The cost for 2 games is £8.90 but we can potentially upgrade to get a meal in between on the night, which is about £13 all in with bowling. I can book in advance for the meal too, but they require a £5 per head deposit so I suggest we play it by ear on the night.

1) Charlie&Nic
2) Penny&David
3) James&Lisa
4) Heath & Sam

*Event 2 - Sunday 30th May 7.30am*

This is an early Sunday morning blast along the A413 between Buckingham and Aylesbury - this is a very well known piece of road with the biking fraternity and offers a good workout for the TT, there are some nice fast straights, a bridge where getting air and leaving any breakfast behind is on the cards  and some nice twisty bits to test your ability.

I suggest that we meet at Audi in Bletchley as with last month 7.30-7.45am and have a start point for the drive at Buckingham Tesco leaving around 8am (there is a nice big carpark). The route will take us through Winslow and Whitchurch and into Aylesbury where we can park up at The Watermead, 10 Lakeside, Aylesbury, Bucks HP19 0FU which is a pub just before you enter Aylesbury itself, this will be followed by a blast back along the same route so you can put to use the experience of the run in, to fully exploit your cars potential.

I used to drive this road everyday when I worked in Aylesbury and lived near Buckingham and it is great fun, if anyone wants to suggest extending the route then please feel free, I am conscious that this will not appeal to everyone, but for those that it does appeal to it should be fun, especially if the weather is dry 

1) Charlie&Nic
2) Penny&David
3) Heath & Sam

Let us know what you would like to attend.

Charlie&Nic


----------



## phodge (Sep 1, 2002)

Put us down for both Charlie!

(We can check the route for you on the Sunday morning, as we'll have to drive up it to get to Buckingham!! :wink: )


----------



## Charlie (Dec 15, 2006)

phodge said:


> Put us down for both Charlie!
> 
> (We can check the route for you on the Sunday morning, as we'll have to drive up it to get to Buckingham!! :wink: )


Nice one Penny and David  I shall add you to both lists - we will come to the next Thames Valley meet too 

Charlie


----------



## swfblade (Apr 24, 2007)

ok, me and Lisa are up for the bowling. Not sure about the drive yet tho, as there are a couple things that need doing to the TT before I give it some welly, so depends if thats done or not.


----------



## Charlie (Dec 15, 2006)

swfblade said:


> ok, me and Lisa are up for the bowling. Not sure about the drive yet tho, as there are a couple things that need doing to the TT before I give it some welly, so depends if thats done or not.

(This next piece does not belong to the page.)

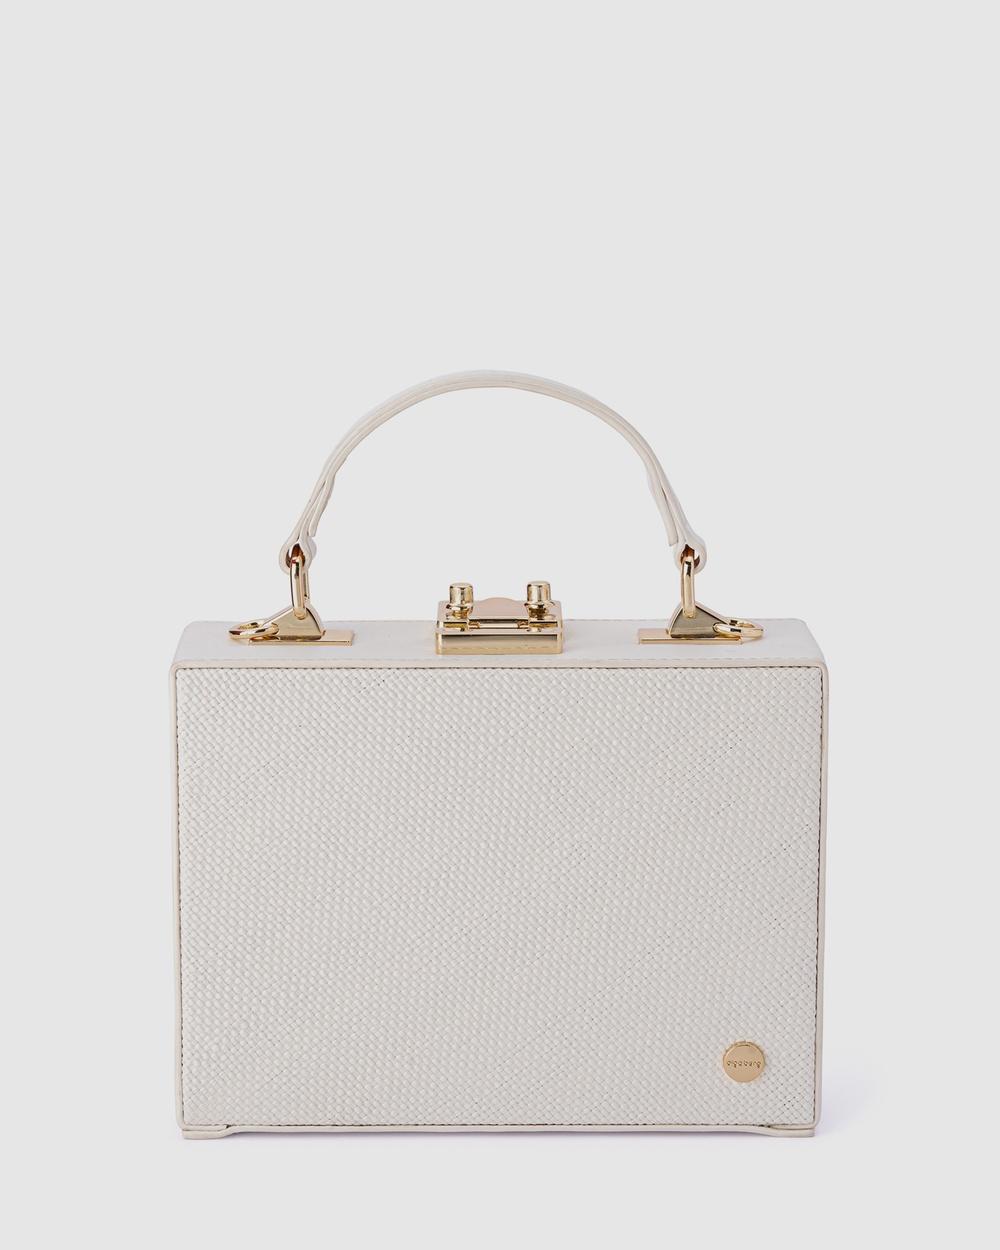 Olga Berg Georgia Straw Weave Top Handle Handbags White Handbags Australia
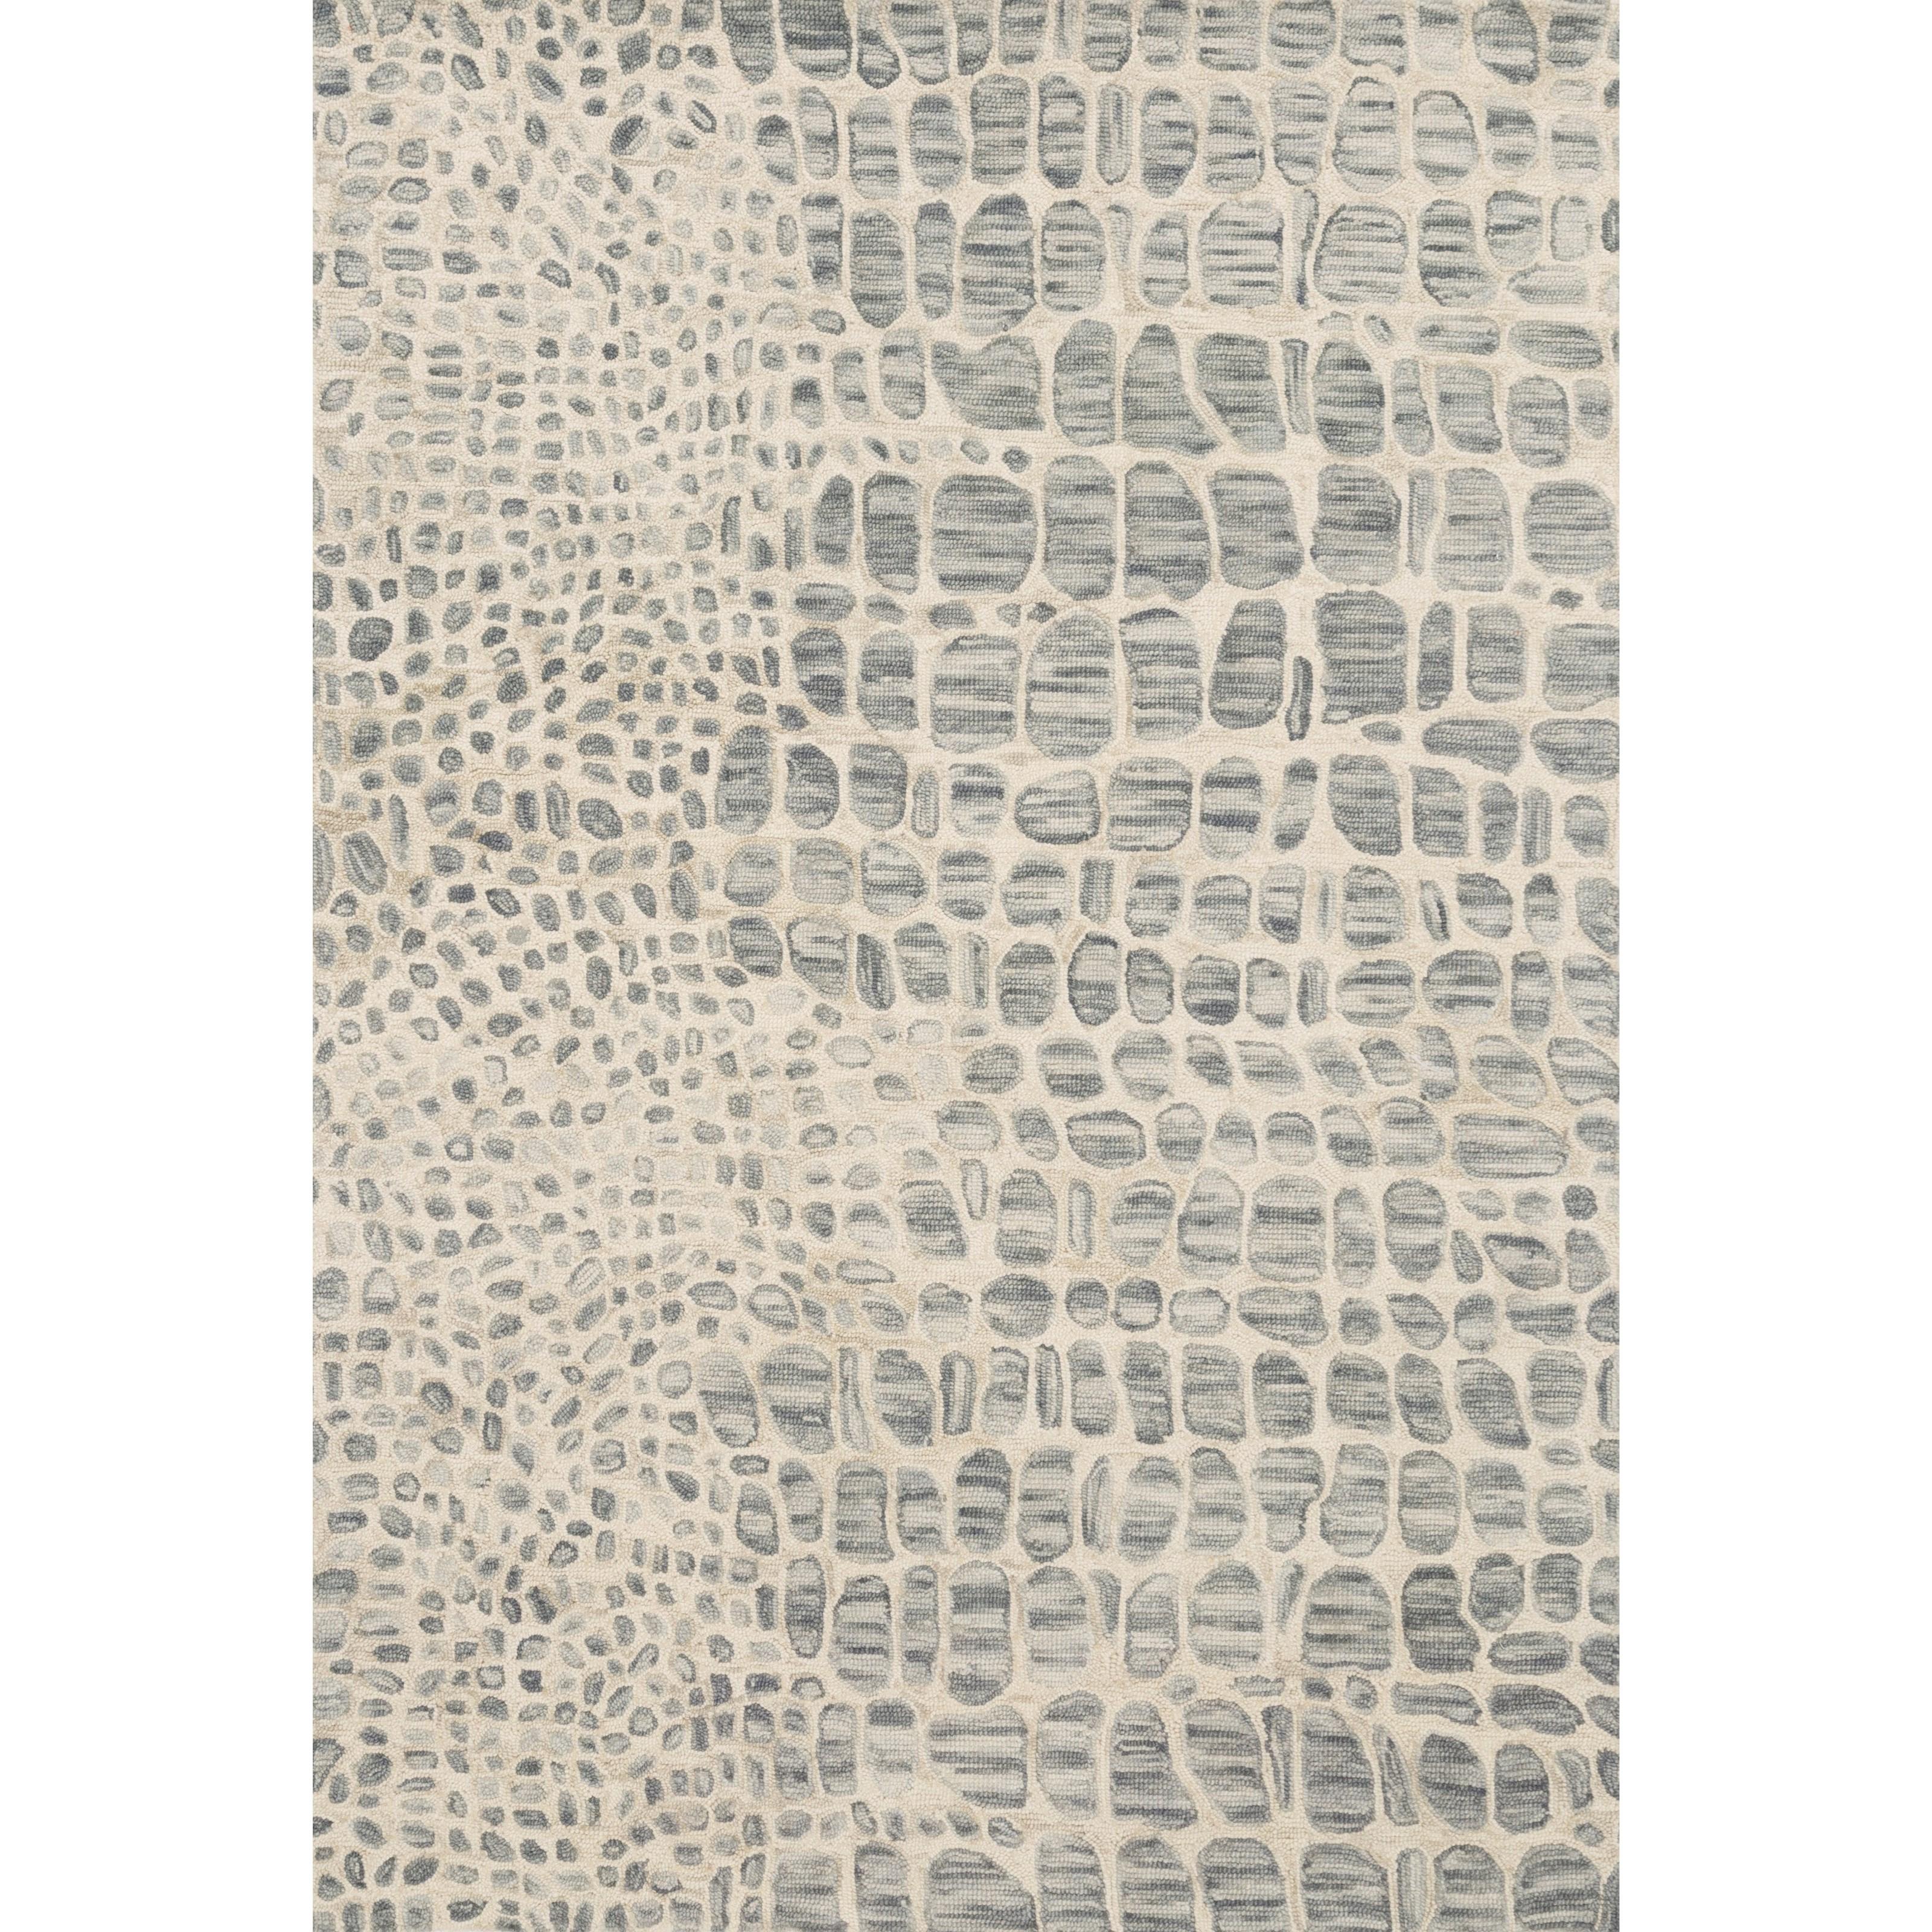 "Masai 3'6"" x 5'6"" Silver Grey / Ivory Rug by Loloi Rugs at Sprintz Furniture"

Nice one James, I will add you both to the list for bowling and just let us know re the drive - it is not going to be anything silly, just take the road at your own pace 

Charlie


----------



## phodge (Sep 1, 2002)

Charlie said:


> we will come to the next Thames Valley meet too


Cool!! 8)


----------



## SAVTT240 (Mar 29, 2009)

WHY OH WHY!!!!!!!!!!!!!!!!!!!!! 

You always pick the wrong dates at the mo !!!!! :lol: :?

Sunday i will be somewhere near the Stevio Pass i think !! so dont think i can get back from there in time  

Tuesday my wife is working late so am baby sitting my 2 boyz, but i have spoken to the wife and if she can get off early we'll be there (fingers crossed but cant promise).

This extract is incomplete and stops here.